No presente caso, a questão de constitucionalidade que se suscitava era a


da admissibilidade da figura do recurso hierárquico necessário, a qual, como se
evidenciou na decisão sumária ora reclamada, já foi objecto de diversas decisões deste
Tribunal, sempre no sentido da não inconstitucionalidade, sendo irrelevante, por
acessório relativamente ao cerne da questão, a diversidade de preceitos legais a
propósito dos quais a questão foi suscitada. A questão de constitucionalidade permanece
substancialmente idêntica mesmo que, com o CPTA, a regra geral tenha deixado de ser
o carácter necessário dos recursos hierárquicos, para passar a ser a regra do carácter
facultativo, pois tal não impediu – questão cuja decisão coube às instâncias, sem
possibilidade de crítica por parte do Tribunal Constitucional – que se considerassem
subsistentes (apesar da alteração da regra) os preceitos legais especiais que continuaram
a prever impugnações administrativas necessárias, como é justamente o caso da norma
do artigo 75.º, n.º 8, do EDFAACRL.

Na anterior jurisprudência constitucional citada – designadamente no


Acórdão n.º 425/99 – já foi tida em conta a alteração de redacção do n.º 4 do artigo
268.º da CRP operada pela revisão constitucional de 1997, não tendo sobrevindo
qualquer outra alteração constitucional que impusesse ou justificasse a reponderação da
questão.

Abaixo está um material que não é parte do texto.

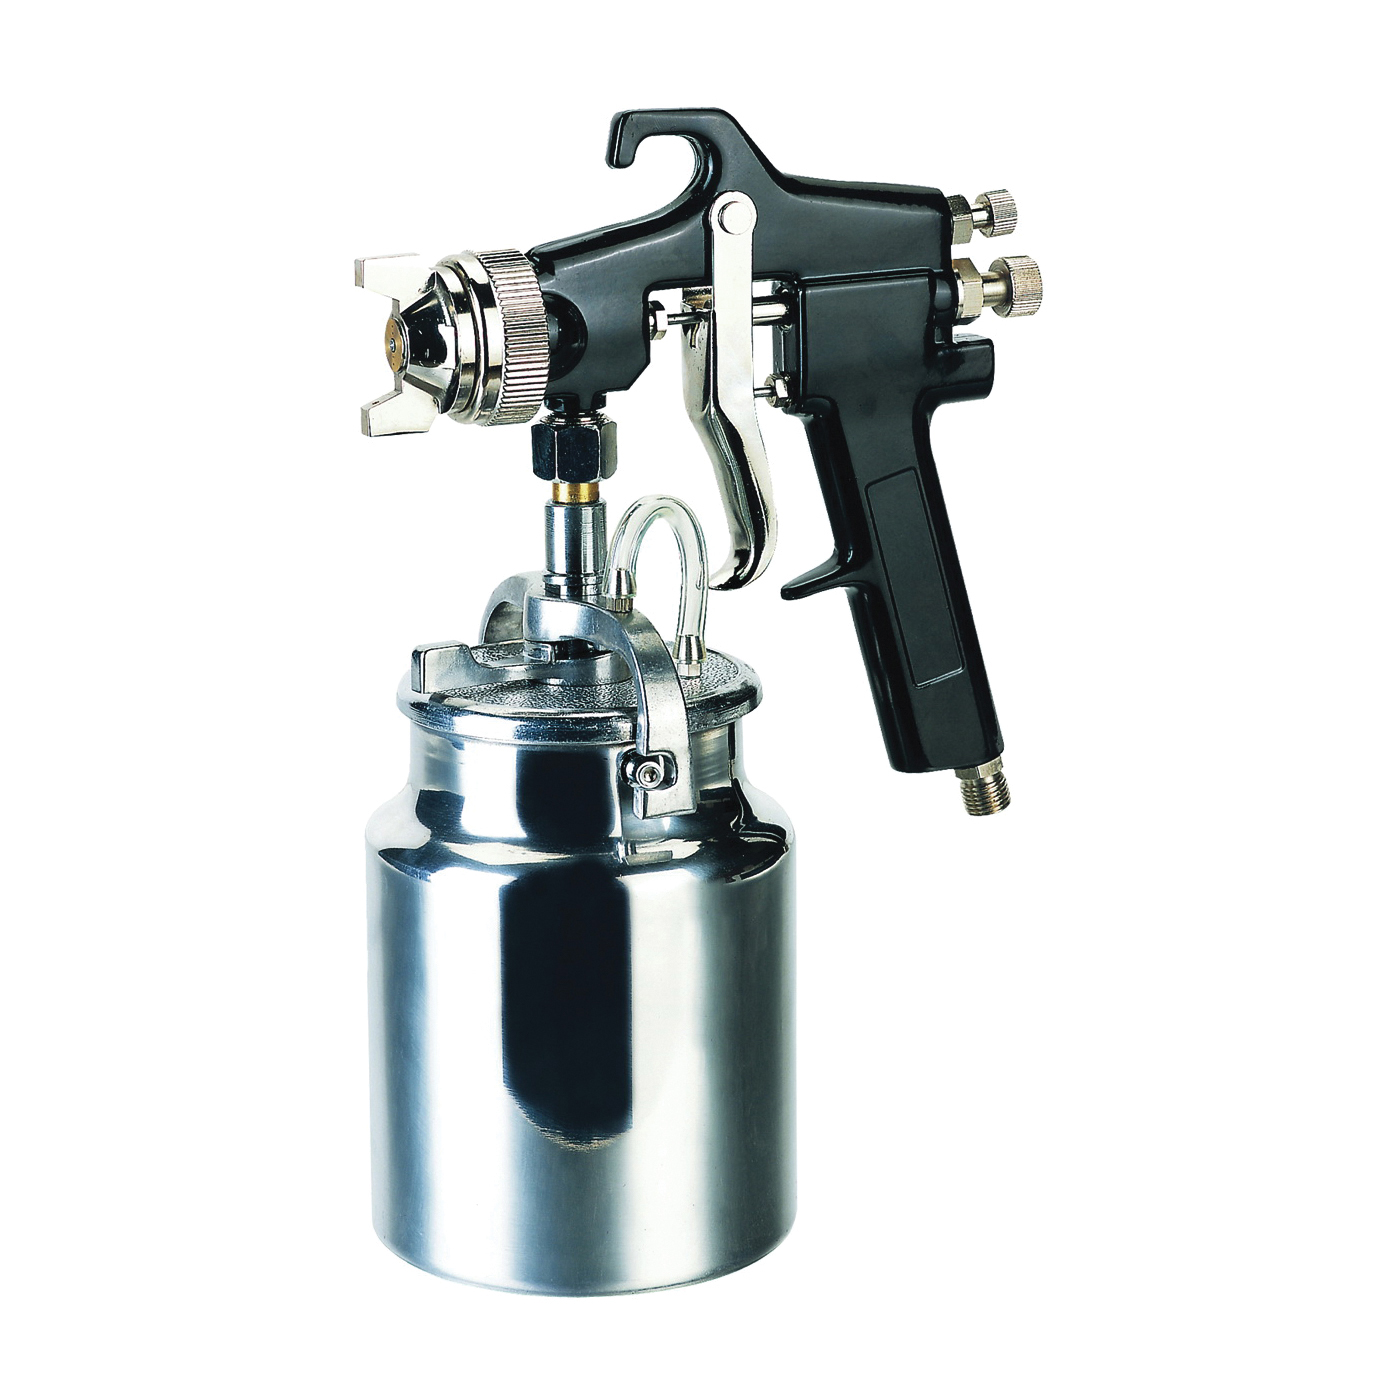 50180 Spray Gun, 1.7 mm Nozzle, Siphon Feed Throttle, 6 cfm Air, 50 to 70 psi Air

E, por outro lado, entre essa jurisprudência contam-se casos em que a
impugnação administrativa necessária respeita a actos de natureza sancionatória, como,
por exemplo, o Acórdão n.º 185/2001, tirado em Plenário, ou a Decisão Sumária n.º
280/2005, reportada a outro número (o n.º 4) do mesmo artigo 75.º do EDFAACRL.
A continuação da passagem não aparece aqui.